Портрет. Одного парня художник написал портрет. Это был договор с Дьяволом. Портрет стареет, а модель остается молодой. В конце портрет умирает. Нет, он сам убивает его. Падает замертво. На полу – древний старик, на портрете – юноша…

Или не портрет, а, скажем, какой-то талисман. Где-то в старинной лавке, допустим, сущий вздор, кусок ослиной кожи. Но это не простая кожа. Ее обладателю доступны любые желания. Но когда желание исполняется, кожа усыхает. В конце остается один-единственный лоскуток.

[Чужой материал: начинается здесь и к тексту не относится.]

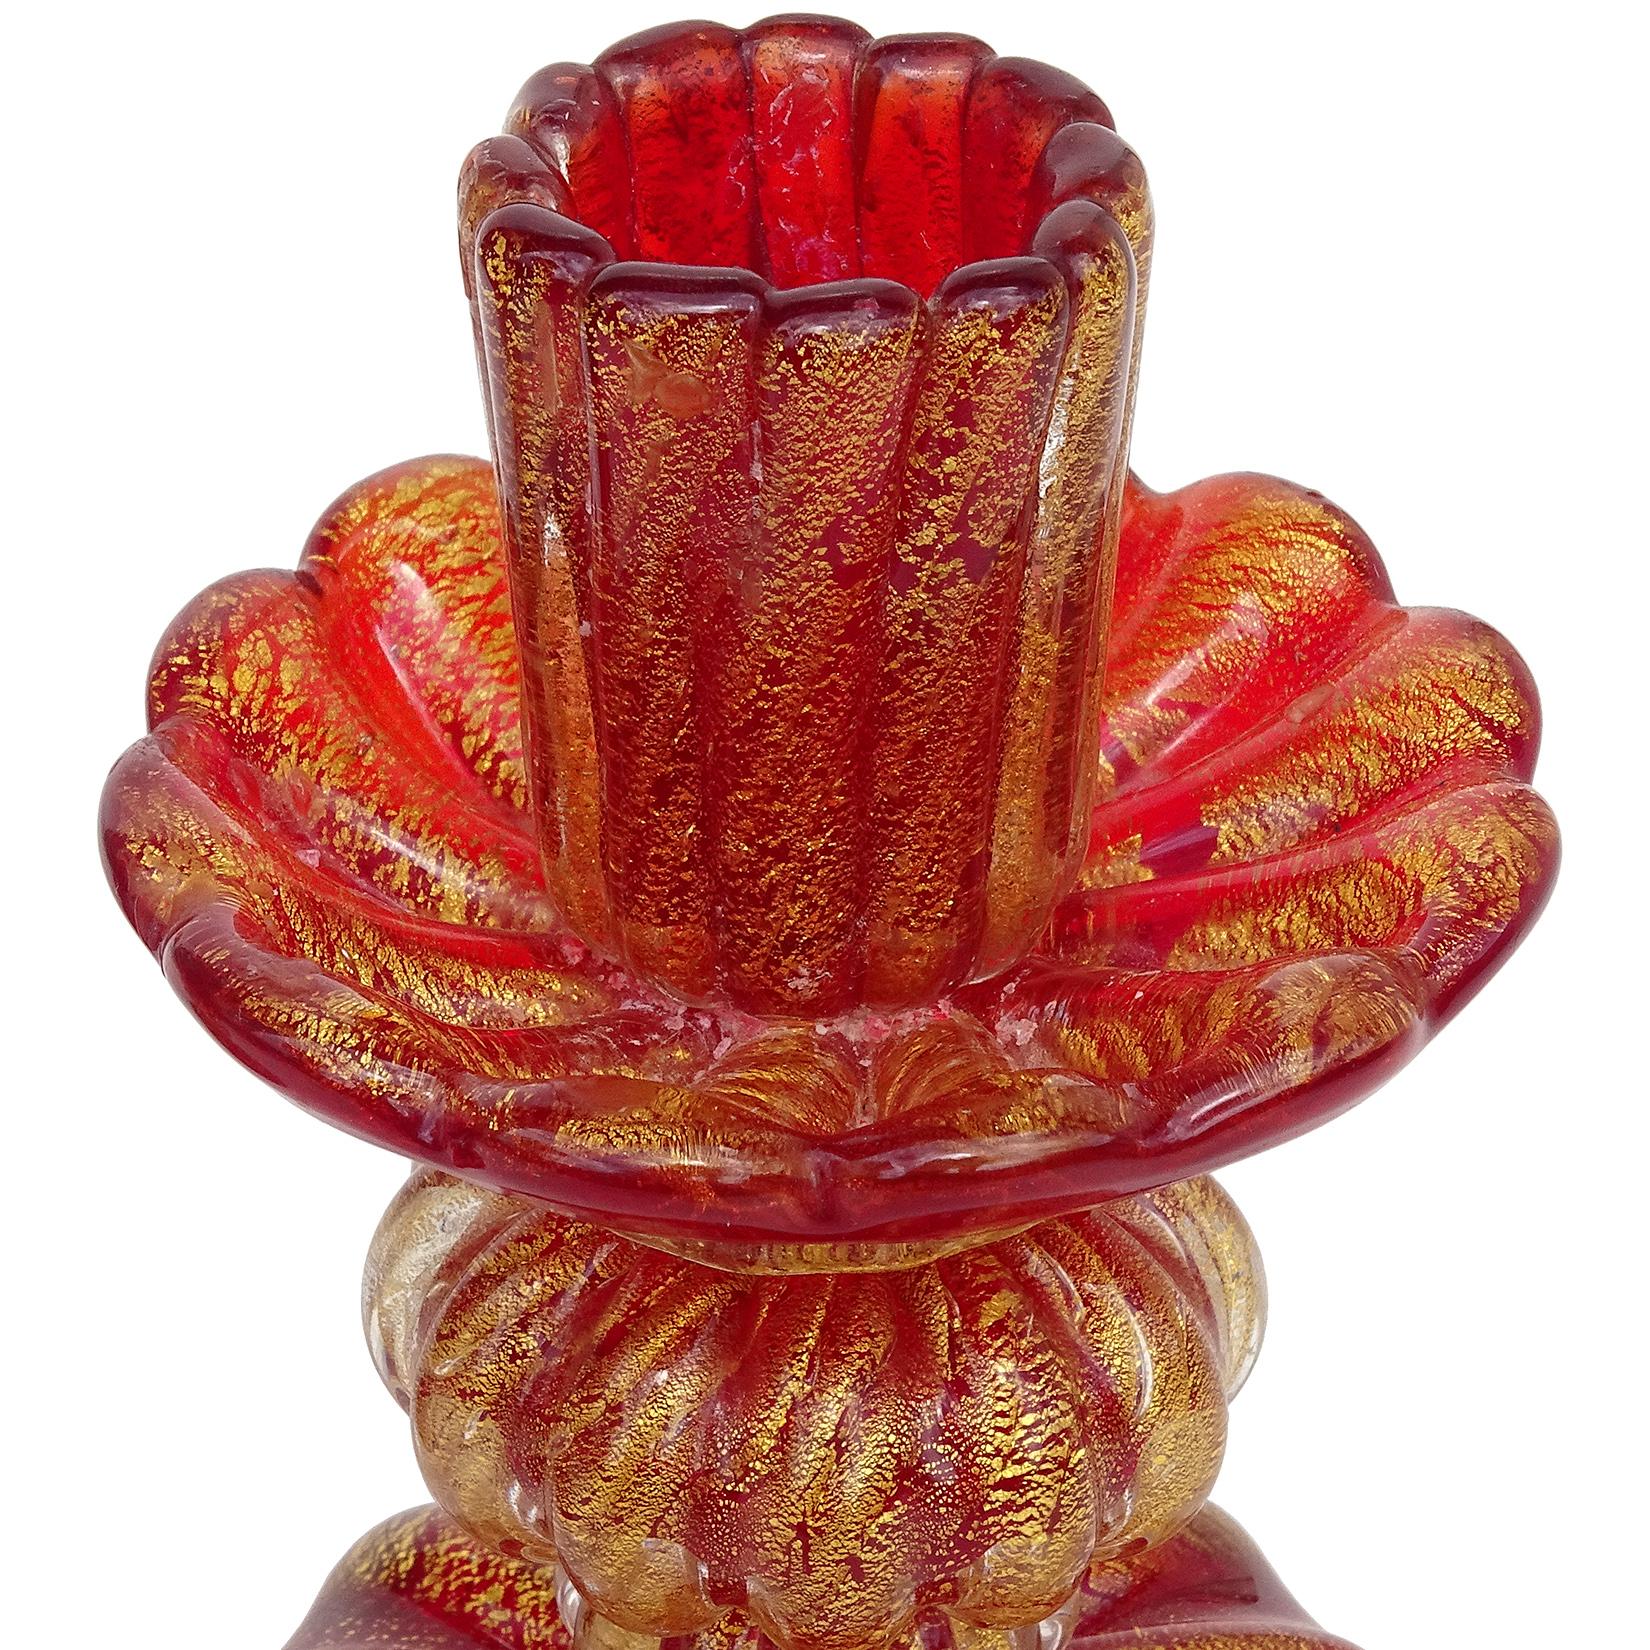 Hand-Crafted Barovier Toso Murano Red Gold Flecks Italian Art Glass Ribbed Candlestick Pair
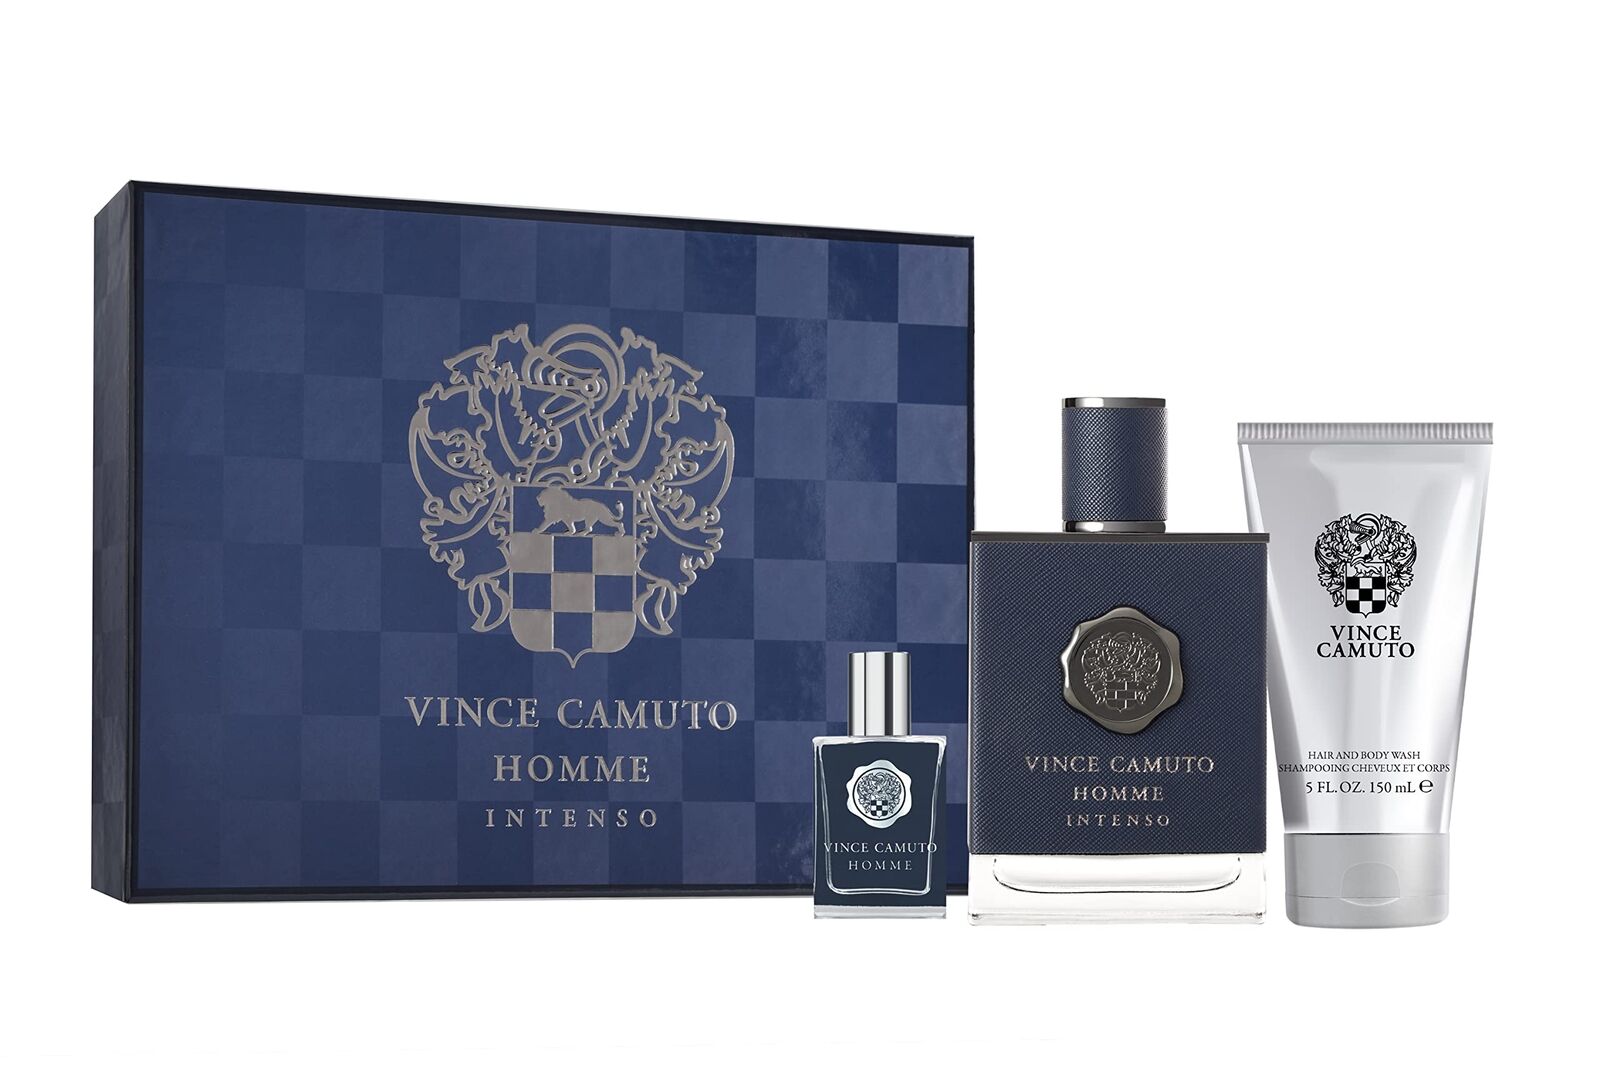 Vince Camuto Homme Intenso Gift Set for Men 3 Piece
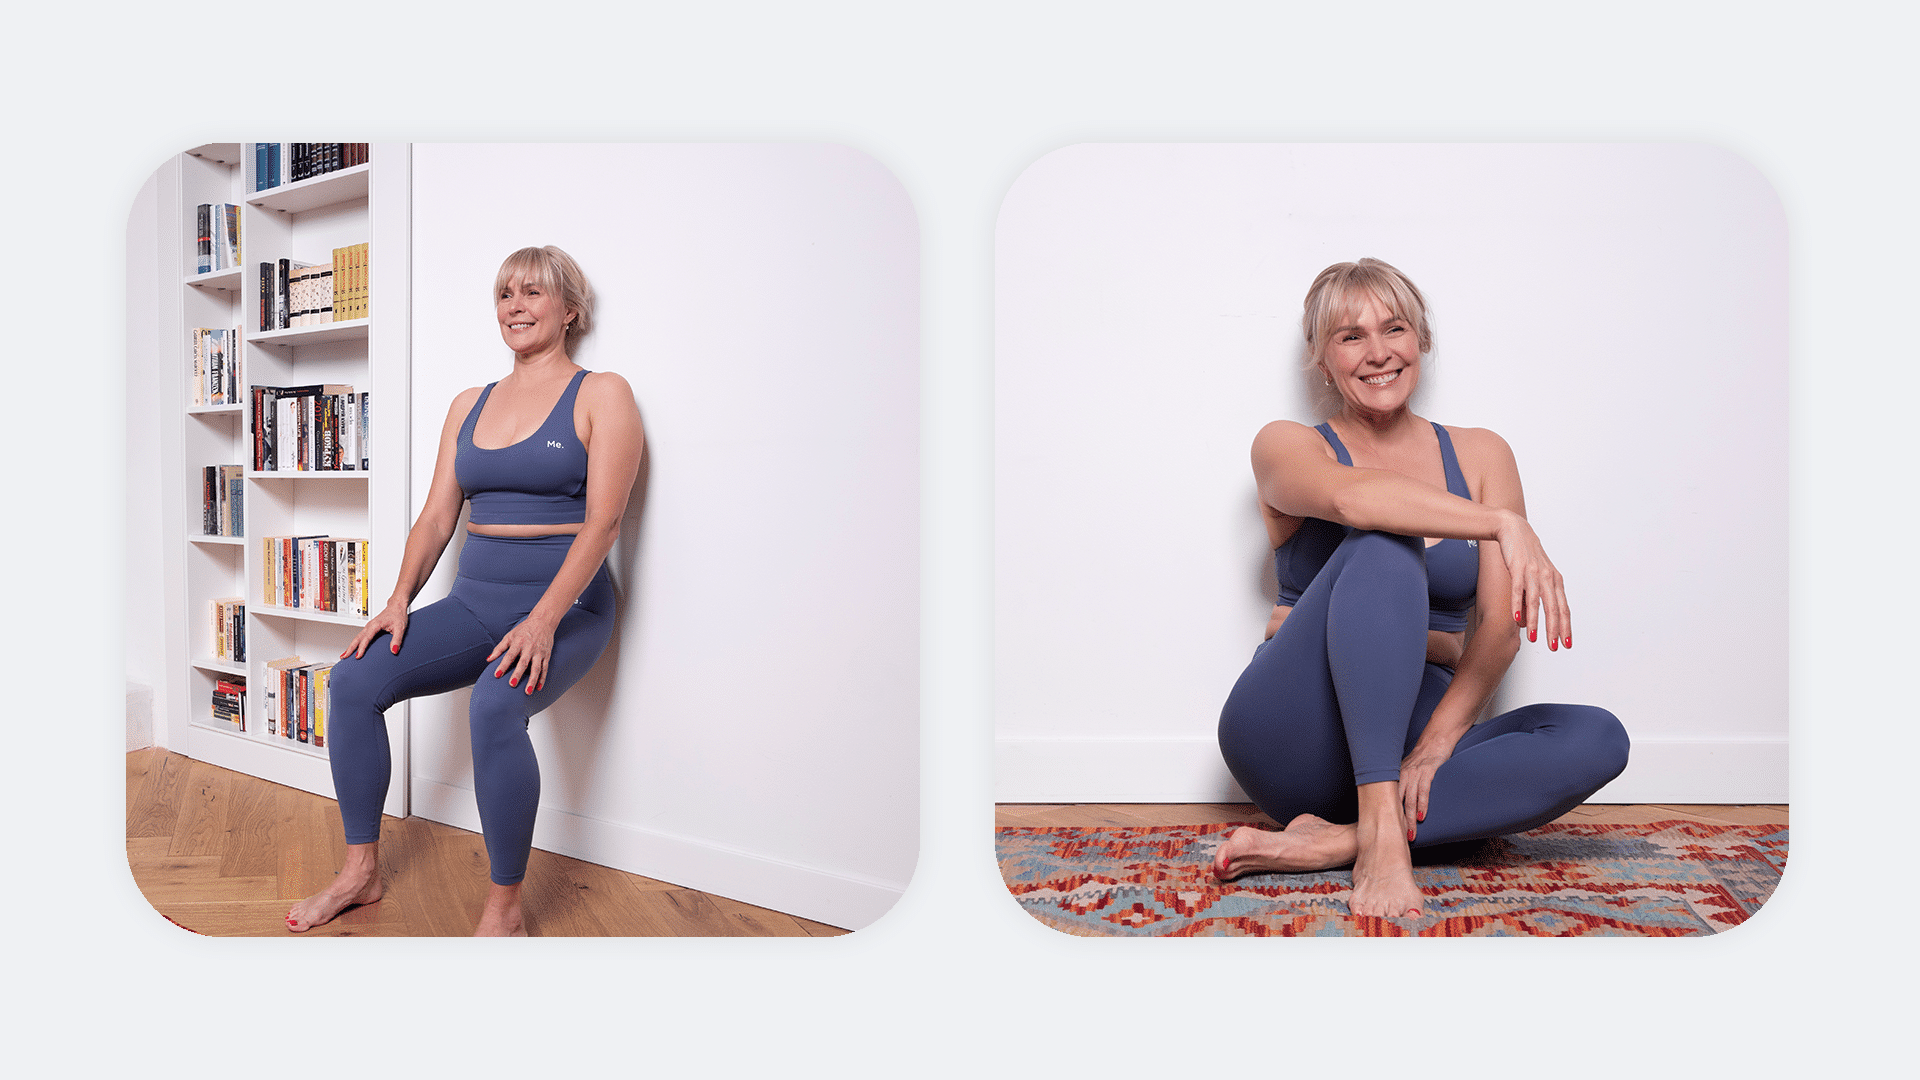 21 Day Pilates Wall Workout: Will It Work For Seniors - BetterMe

Или не кожа. Лучше – волшебный жезл. Допустим, этот жезл дается тому, кто совершит три хороших поступка. И вот, герой начинает эти поступки совершать. Но сказано: это должны быть не только хорошие, но и бескорыстные поступки. Если он думает в этот момент о волшебном посохе, то поступок недействителен. И вот он настолько привыкает творить добро, что действительно совершает, согласно условию, три бескорыстных хороших поступка подряд. И ему является колдун. Он дает ему эту волшебную палку. Но с условием: все волшебство пропадет, если он совершит с ее помощью три плохих поступка. И тогда этот идиот не делает ничего – ни хорошего, ни плохого.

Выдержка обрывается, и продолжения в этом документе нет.